Note: Your code should use other ROS2 packages without requiring their modification. Copy or include the scripts and launchfiles from other projects if needed. Use package dependency configuration or an install script to include dependency installation.

Required deliverables (in a single git repository, one or more ROS packages at your choice):

• A .world file modeling your solar plant to be used in Gazebo Classic;
• A Turtlebot3 waffle robot model extended with the additional sensors you may need;
• A launchfile for starting the 3D Mapping + saving a 2D map (you can use icclab_summit_xl rtabmap.py.launch as an example);
• A way to specify and send a navigation plan to the robot;
• The logic and launchfiles to start and follow the navigation plan for the robot, including collision avoidance;
• (Optional) The logic to detect if an obstacle is a cat (dynamic obstacle, no remapping needed) or "something else" triggering a map update in the obstacle area.

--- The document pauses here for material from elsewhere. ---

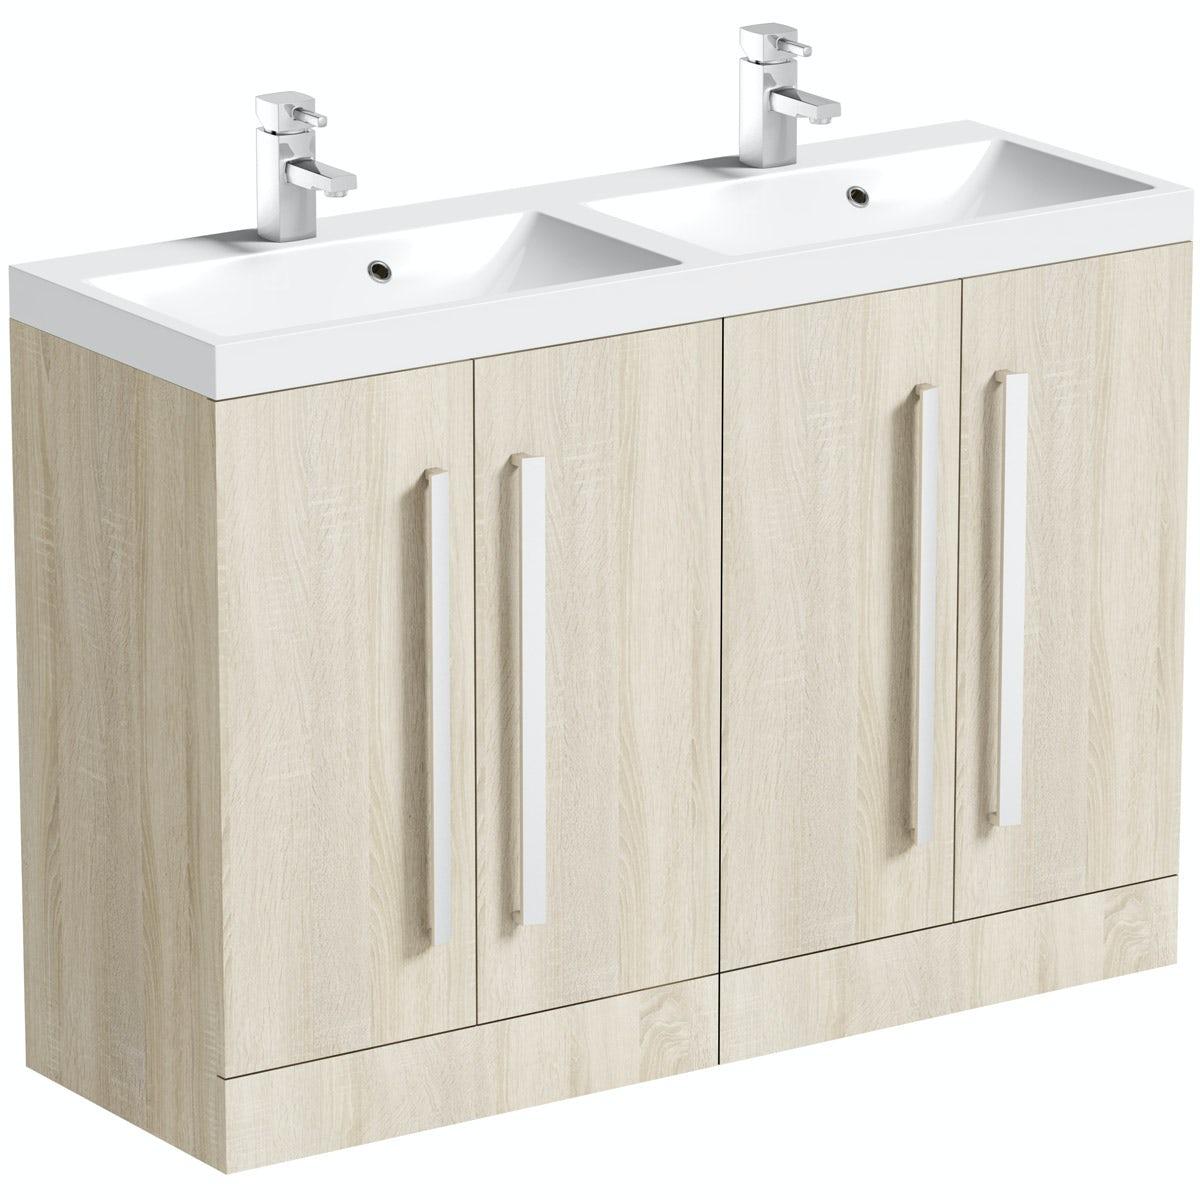 Orchard Wye oak double basin unit 1200mm

Hints and simplifying assumptions:

• You are allowed to use anything you find online, including AI for code generation. You should however be able to explain the code and the functioning of your project;
• You can use any gazebo model / starting world file you find online to create your world. Keep it bounded (e.g., with a fence or a wall) and small for demonstration (e.g., 20-40 sqm);
• You can assume to be using a planar lidar and AMCL for localization; extra points if you are able to just use the camera for localization;
• Some references of (possibly) useful projects are: Nav2, opennav_coverage, rtabmap, yolov8_ros (untested), ORB-SLAM3-ROS2-Docker (untested);
• Some inspiration of what's possible is here: https://sheeprobotics.ai/